I don’t know, and since we don’t really know what actually IS causing the pain, it’s hard to guess. I get the feeling it’s a separate issue, but you never know. If it helps with RA pain, maybe it will help with mystery pain too 🙂
I’ve had some startling results with a friend of mine who has RA very badly, using reiki. She came to dinner with her sister (another close friend) and me, and said she’d had to literally pull her left leg into the car. We had dinner, went back to the sister’s house, where I did about 25 minutes of very casual reiki on her knee. We were conversing the whole time, nothing formal about it. But she said the pain had diminished by “75% at least.” Next day, she called and said she discovered how effective it was when, without thinking, she ran up the steps to her front door. RA is autoimmune, which suggests some component of body-mind interaction. Interestingly, despite several invitations from me and the effectiveness of the pain relief, she never chose to schedule another session, which I also found significant.
That’s pretty interesting! (Both parts.) It always surprises me how my part of a Reiki treatment doesn’t matter much; I just have to show up and stick my hands out… whether I’m really into it, or my mind is wandering, it’s still working.
When I see my Reiki master for an EFT/Reiki combo session I leave feeling like I’m OVERFLOWING with energy; just skipping down the sidewalk. I usually feel better for a couple days after too, but then it tapers off. Even though I know how to do EFT also, I can’t replicate the effect on my own though; at least, not yet. I think there’s more of an art to learning to EFT really well.
Interesting. I have had almost no results doing self-reiki, which is the first thing one is taught. It seems to flow better when my intention is for someone else. Guess that’s why we all need each other.
Hmm! I definitely feel like I’m not as effective overall when I Reiki myself, especially for things like my muscle pain, but there are times when it’s just like magic.

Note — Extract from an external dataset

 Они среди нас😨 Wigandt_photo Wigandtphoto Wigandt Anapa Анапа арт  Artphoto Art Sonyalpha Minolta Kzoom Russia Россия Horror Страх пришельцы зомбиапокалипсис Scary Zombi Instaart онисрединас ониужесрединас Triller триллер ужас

I tend to get nauseated a lot for various reasons and it’s incredibly helpful for those situations. But, as you said, we have other people to help us when we need it 🙂
It’s similar to my observation that people who can be amazingly wise for others, great listeners, super coaches, empaths and “connectors,” can at the same time make the dumbest damn decisions for themselves. Again, I think no one is an island, and we all do need each other. Just my 2¢ which won’t buy a cuppa coffee. 🙂
Ohh, ohh, oh! That would truly be so grand, were it to be the wonderdrug so many have been hoping for. Shoot, just some degree of improvement would mark it a wonderdrug.
Hope is the thing with feathers, dear Sarah! Let it perch in those fragile muscles of yours. ❤
Yeah, even if it didn’t erase all the problems, just having something that HELPS would be a huge step forward. And even if this particular drug didn’t do the trick, I think it’s still going to be a breakthrough in the field.

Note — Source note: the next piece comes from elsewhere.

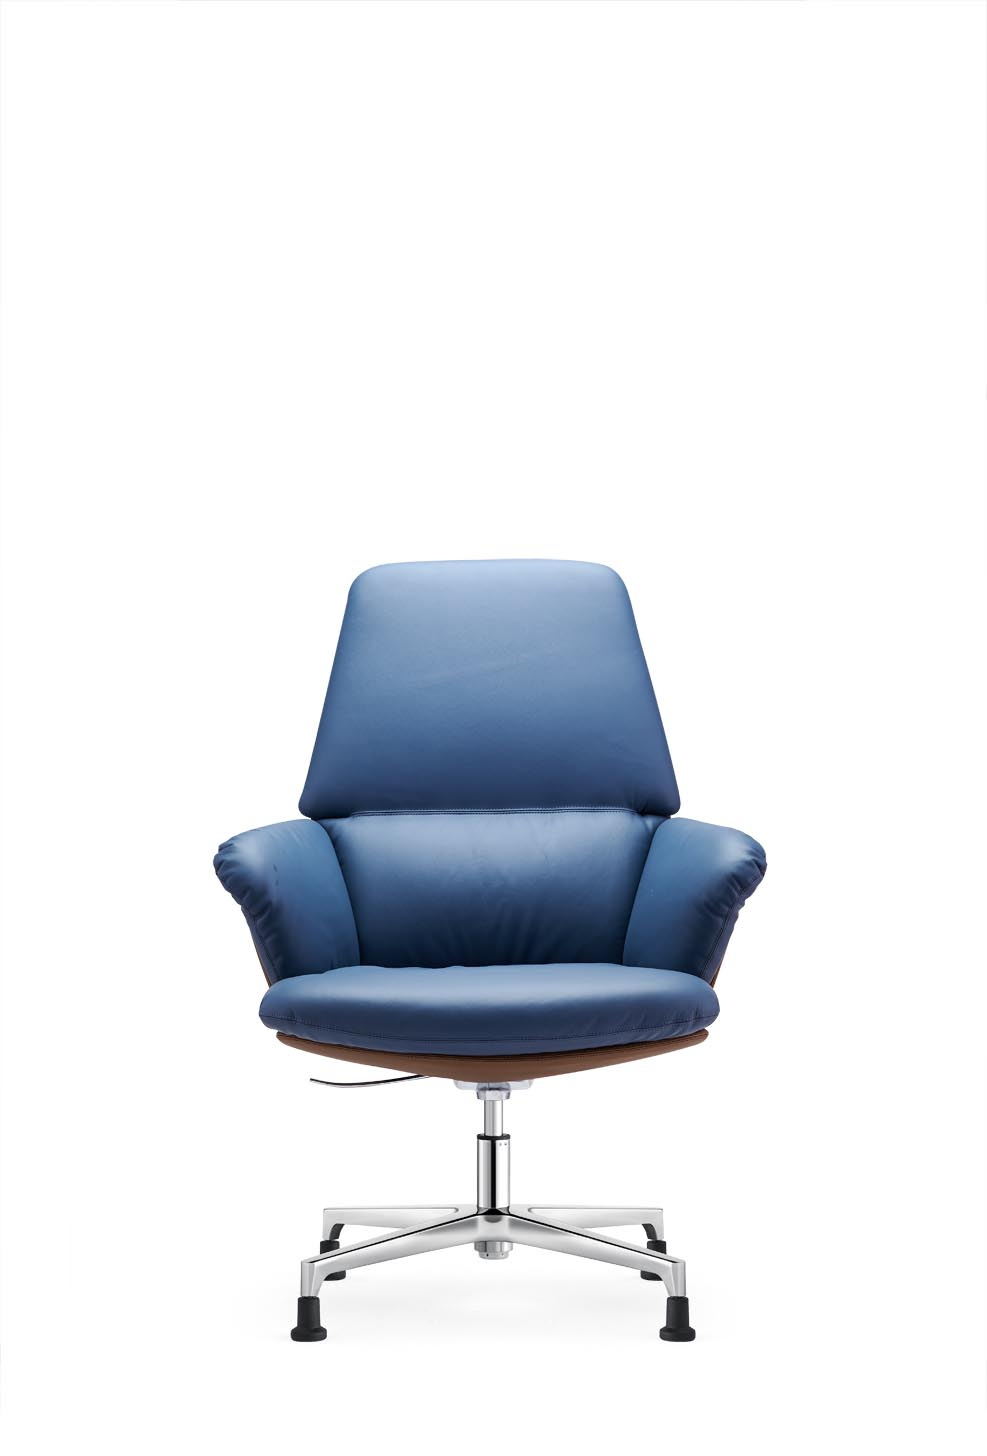 HY-4013經理椅

Hah, I almost posted that photo with this blog! 🙂
What?? I thought this had been common medical knowledge for years, that the “imaginary” nonsense was behind us. I remember 15 years ago, when my ex was diagnosed (yup, a medical diagnosis) hearing that there was a correlation to the Epstein-Barr virus. Who is still living in the dark ages? And what a wonderful report that it may be efficacious with RA! Great news.

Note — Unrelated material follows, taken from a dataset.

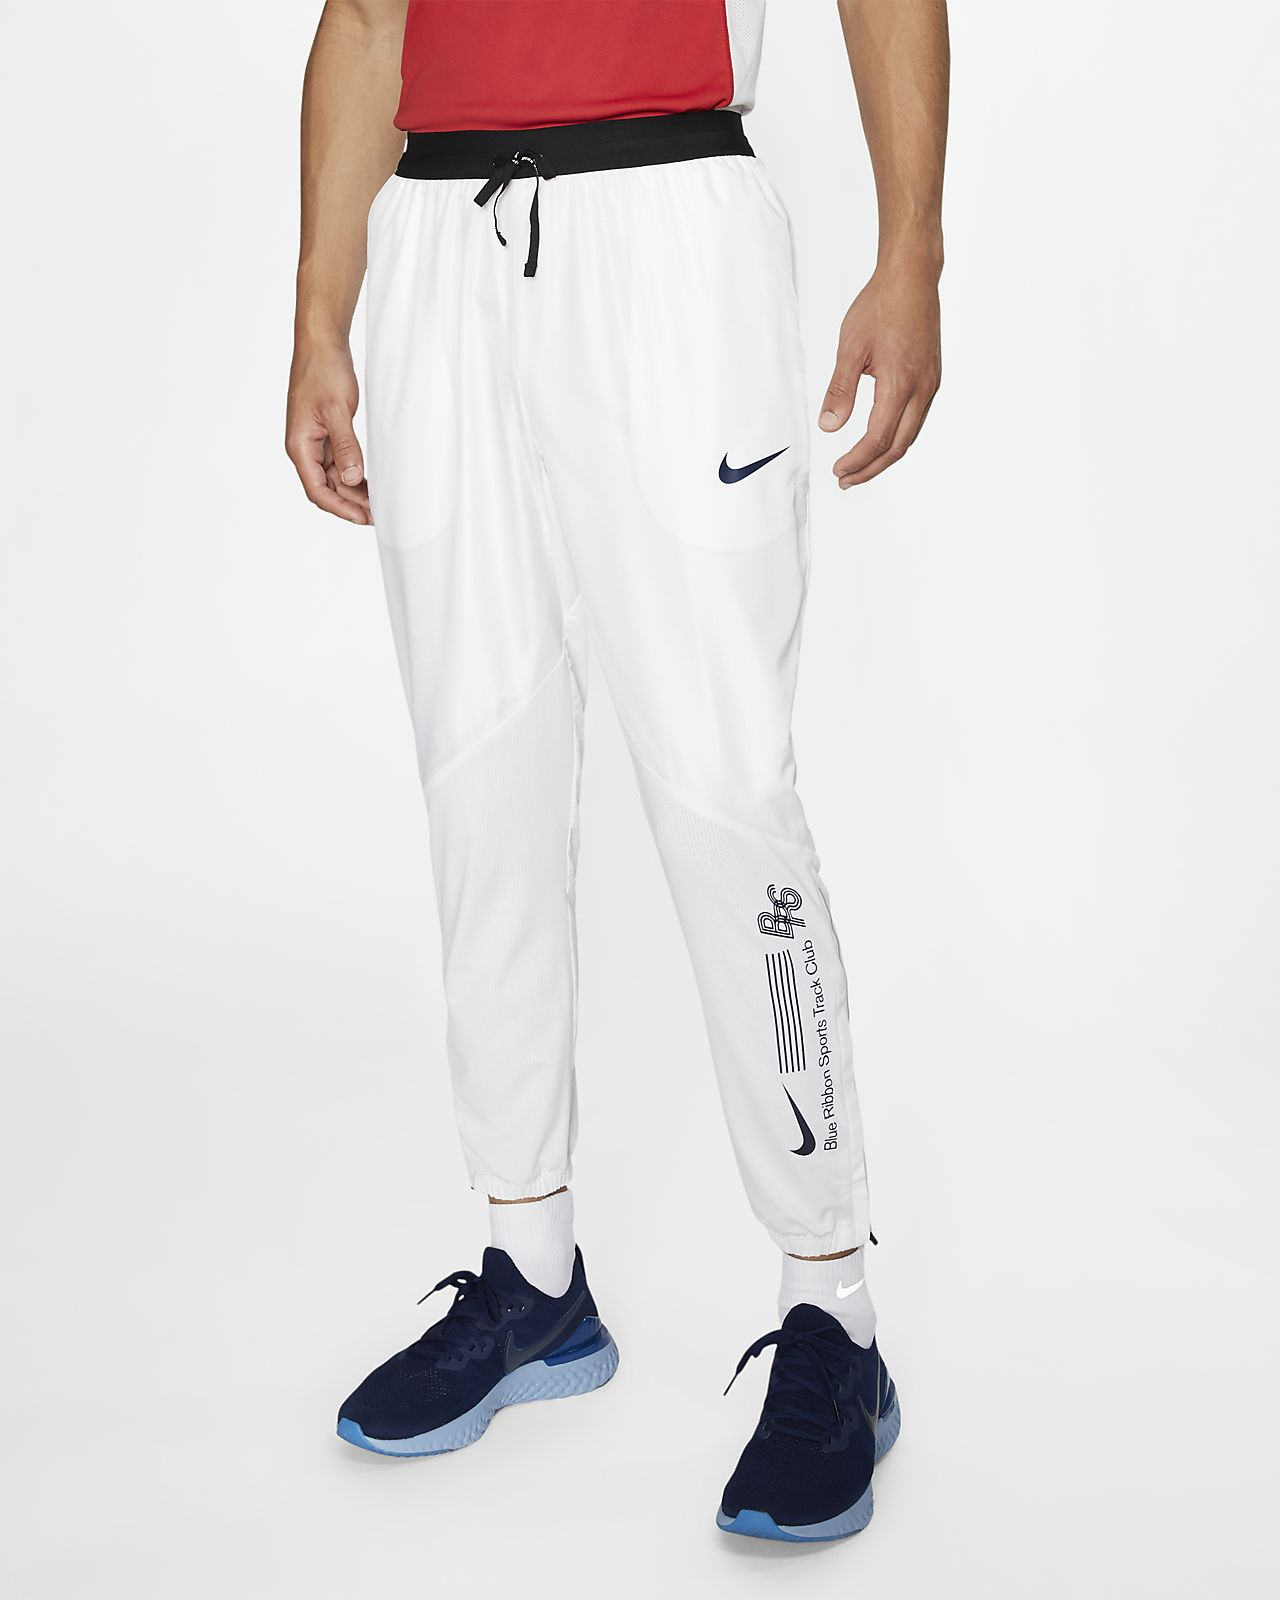 Nike BRS Running Track Pants

I think the medical community has *improved* in this area, but the stigma is still alive and well. And it most definitely is in the general public, although I’ve been mostly lucky (with some very notable exceptions). My last GP didn’t believe I had anything actually wrong with me; I fired her a few months ago. It’s truly astonishing to me how people can just refuse to believe what tons of people are reporting; especially considering how much evidence there is for its validity.